When a company imports merchandise the sticker price isn’t only the entry fee.
There are additional expenses, both direct and indirect, that impact the cost of goods (COGs) evaluation.
A cross border business which includes overseas manufacturing should be itemized. The monetary items are recorded on the operating statement as either a costs of goods sold, or as an indirect cost which would be an item on an operating statement. Attention should also be given to the indirect costs that do not have a monetary impact.
These “hidden” expenses are frequently ignored because they do not appear on a balance sheet or a profit and loss statement.
The sticker price may be 4 or 5 times higher if goods are manufactured in the USA, but a shopper should make a comparative analysis, taking into consideration all the additional out of pocket expenses and the hidden – non monetary costs that determine the actual cost of the merchandise.
A complete evaluation of the merits of importing must include the following:
- Inventory (buying inventory by container vs. buying small quantities as needed)

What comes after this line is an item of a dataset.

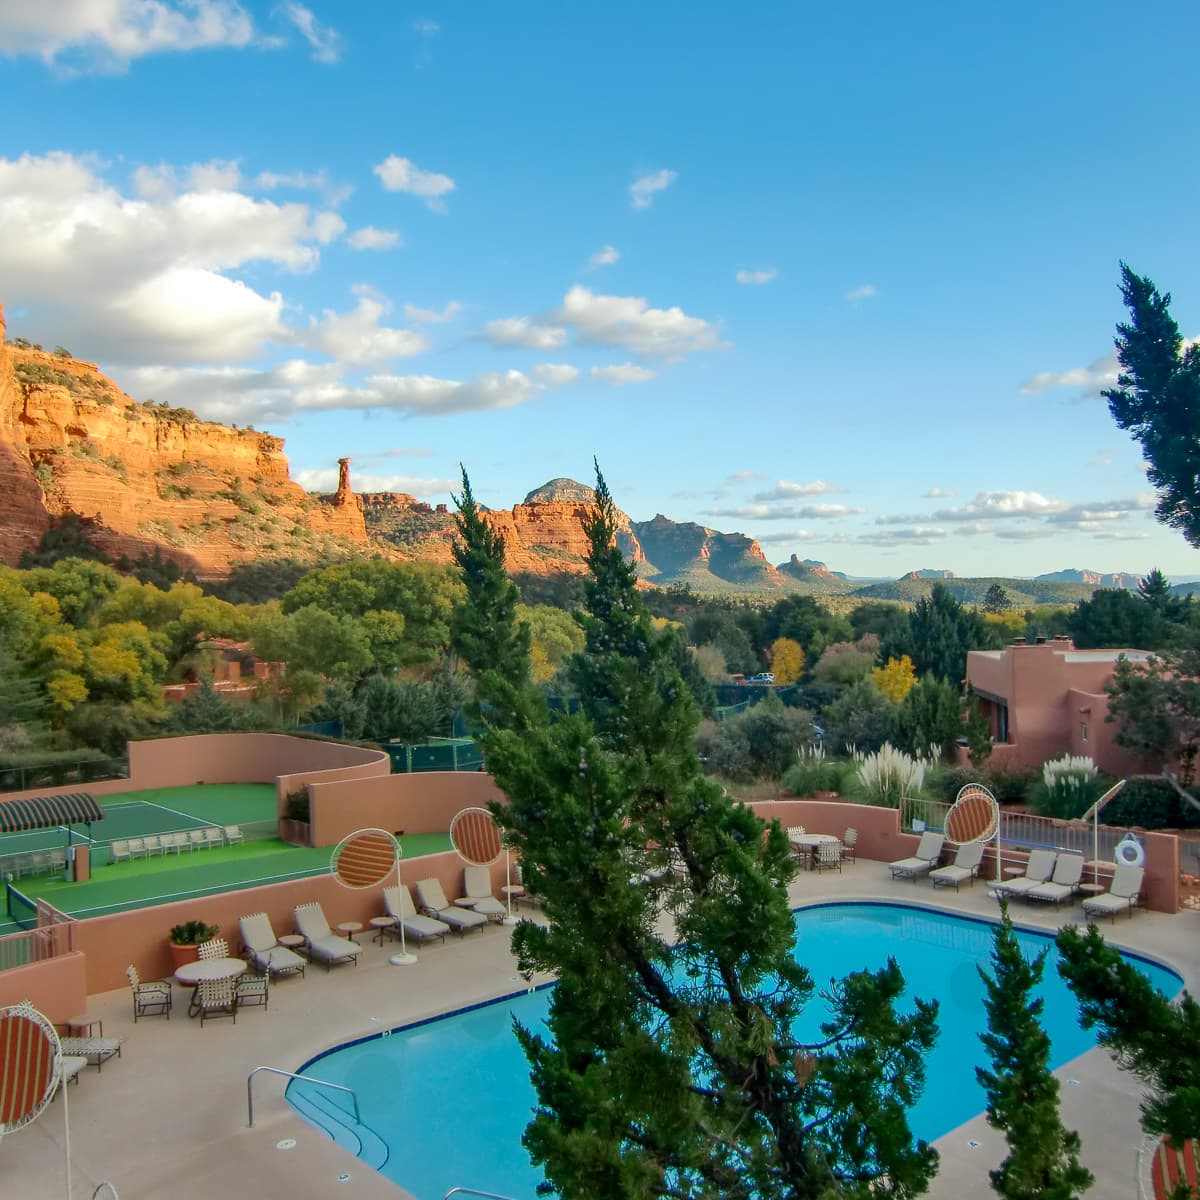 Enchantment Resort Sedona Review (for Families)

- Freight (Delivery by ship vs. air and scheduling deliveries to meet customers’ delivery dates)
- Import Duties (this is a variable expense, determined by governmental policies)
- Commissions paid to third parties for access to major retailers
- Storage and Handling Costs (warehouse vs. a fulfillment center – the proximity of storage to business operations. There may be additional shipping costs from warehouse locations to buyers.)
Many of the costs relating to imported goods will appear as an operating expense and therefore are not be allocated to the cost of goods sold. Nevertheless they are costs that impact the bottom line.
These costs include:
1. Quality Control Costs
An additional part time employee may be required.
It is imperative to have an agent at the manufacturing plant, during both the product development phase and during the time the merchandise is manufactured for shipment.
Large companies often have a full time employee hired for this responsibility, but the SME usually has to rely on an agent to oversee manufacturing. (If damaged merchandise is shipped and has to be returned because of quality issues, the company can lose a market opportunity or even an entire sales season. )
2. Travel Expenses incurred Shopping for the Best Manufacturing Resource.
This expense will most probably appear as a travel expense on a P&L.
3. Cost of Borrowed Funds
Most SMEs need working capital loans to cover the short term costs of buying merchandise in large quantities.
A partial payment is usually required when placing the order, and the balance of the payment is due upon shipment. These borrowed funds should cover the cost of purchasing the goods plus the time needed for payment from the end user.
Large retailers request payment terms of 30 to 60 days following deliver.
A growing company has to make certain they have working capital that allows them to cover their operating costs while they await payment of invoice and also allows them to purchase inventory for other customers.